The sponsor can also collect CVs of staff in addition to the investigator to determine if the staff has
previous training that is relevant to the study and therapeutic area. Clearly, a psychologist would not be
a considered for a study that involves an endovascular procedure. However, what about a psychologist
as a principal investigator of a psychological pharmacological study? Is that appropriate, is that safe?
The sponsor should first consider the nature of the study, focusing on the study procedure and risk to
the subject. If the procedure is standard of care routinely performed in clinical practice and the study
is asking for several additional data points to be captured, the specific training or background of the
physician may not weigh as heavily in the sponsor’s decision.

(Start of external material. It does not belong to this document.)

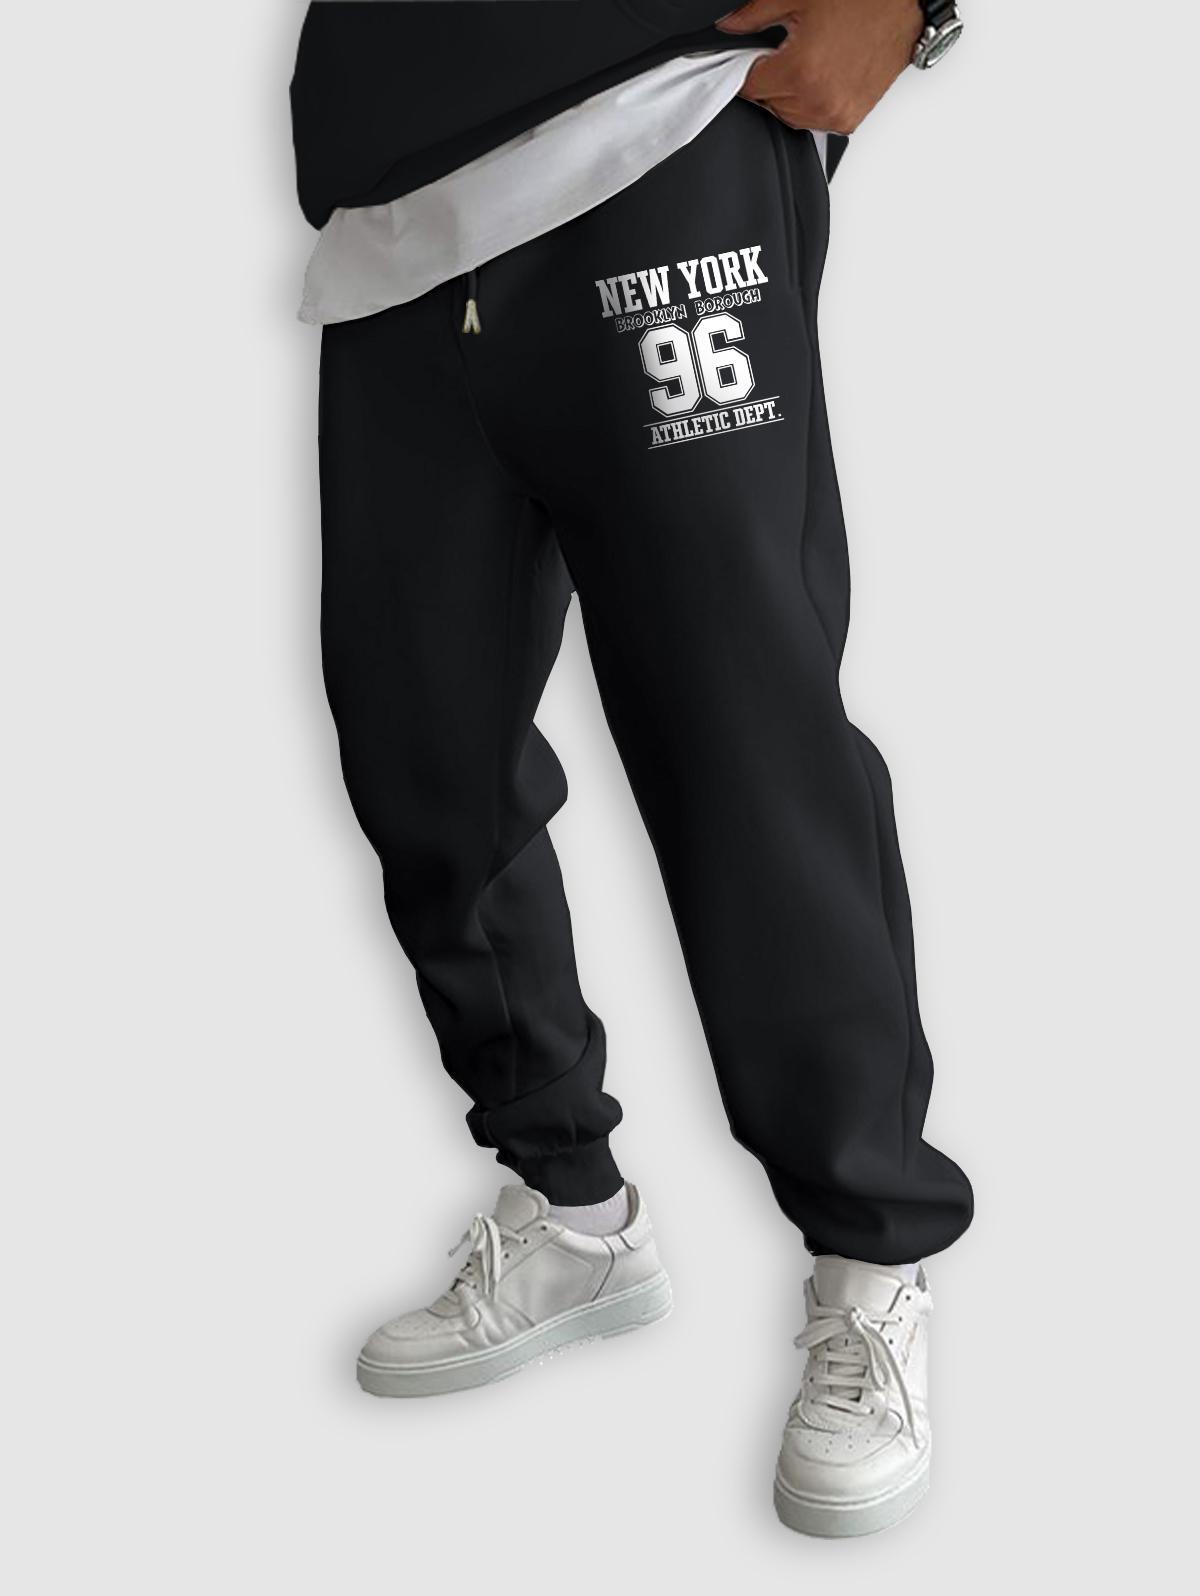 Men's Casual Simple Style BROOKLYN NEW YORK Letter Printed Fleece-lined  Beam Feet Drawstring Jogger Pants In BLACK
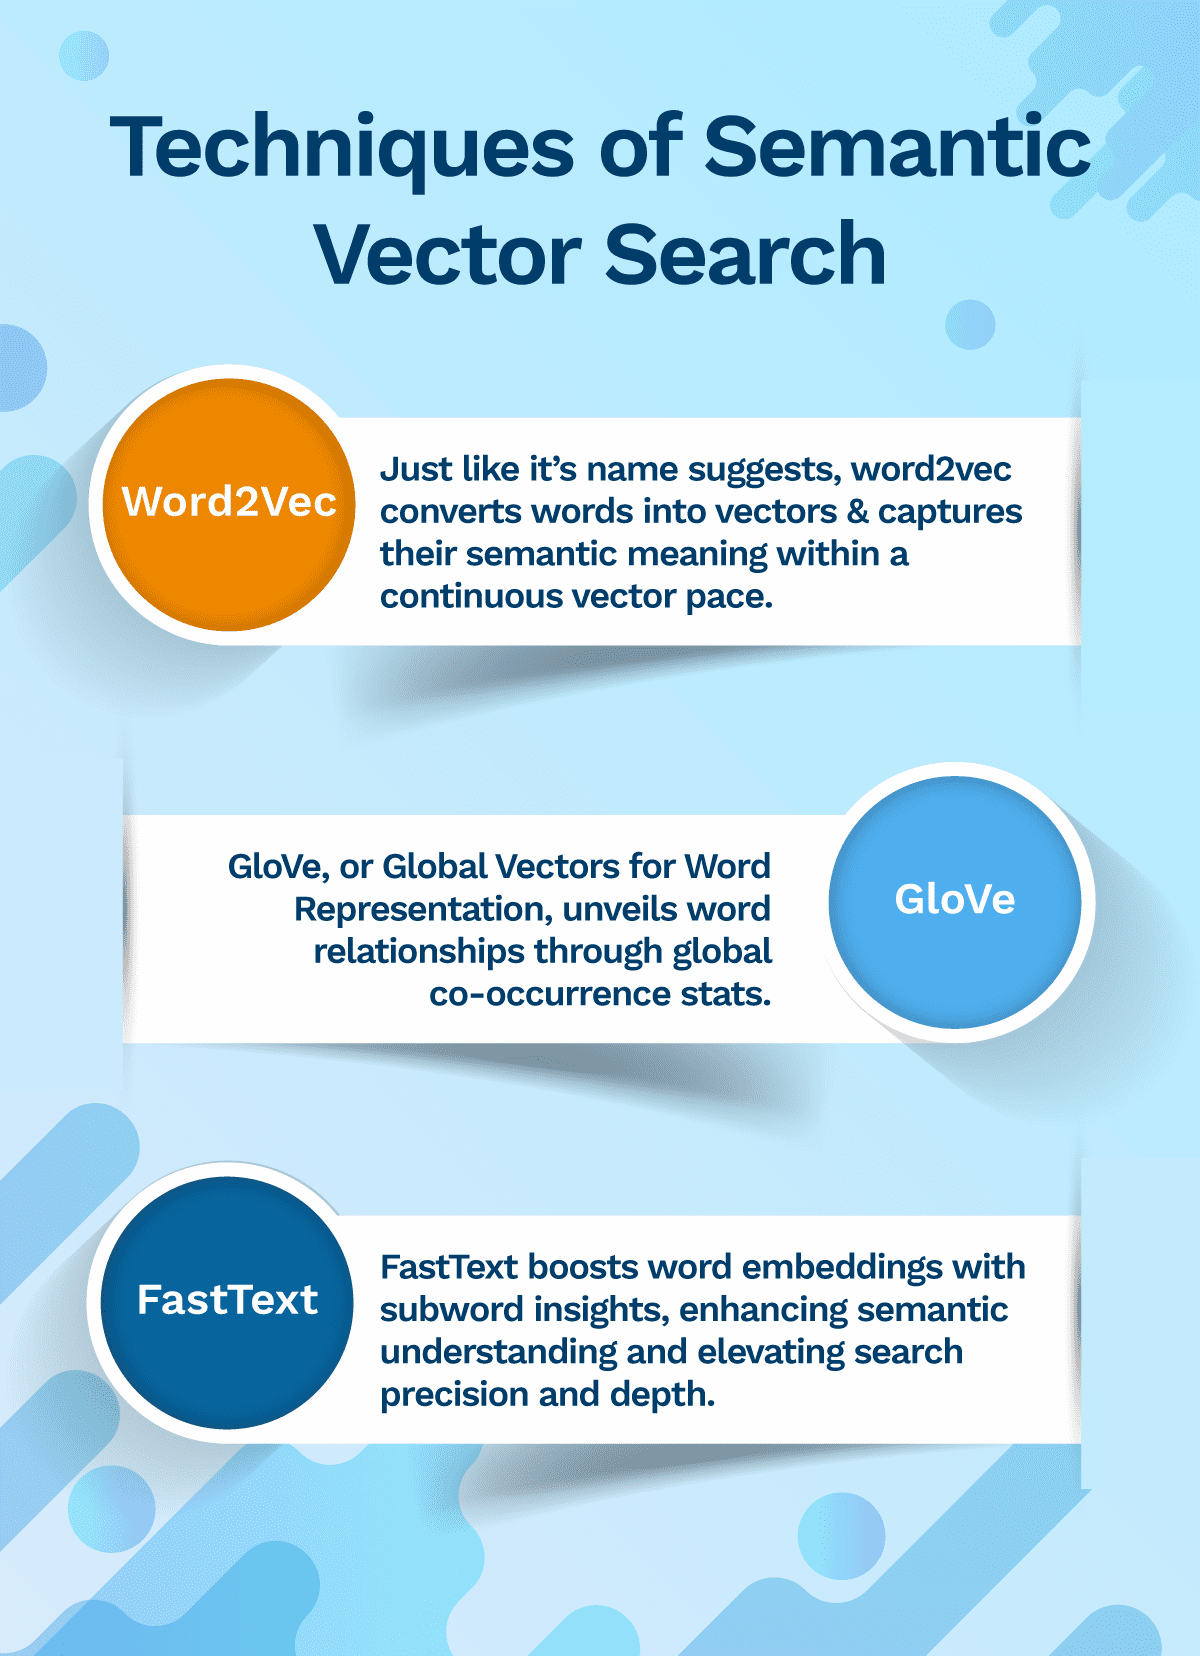 How Semantic Vector Search Transforms Customer Support Interactions

Another important consideration often overlooked by sponsors is the therapeutic area interest and
experience of the support study staff, for example: the research coordinators/research nurses. The
PIs may have been working with these nurses for 10 years with great success, but when it comes to
capturing detailed data points specific to the nature of the study, nurses may not have been exposed
to that area of medicine since nursing school. This doesn’t mean the sponsor does not select the site
or that the site is not outstanding. It just may require the sponsor to conduct more therapeutic area
specific training prior to initiating the study at a site.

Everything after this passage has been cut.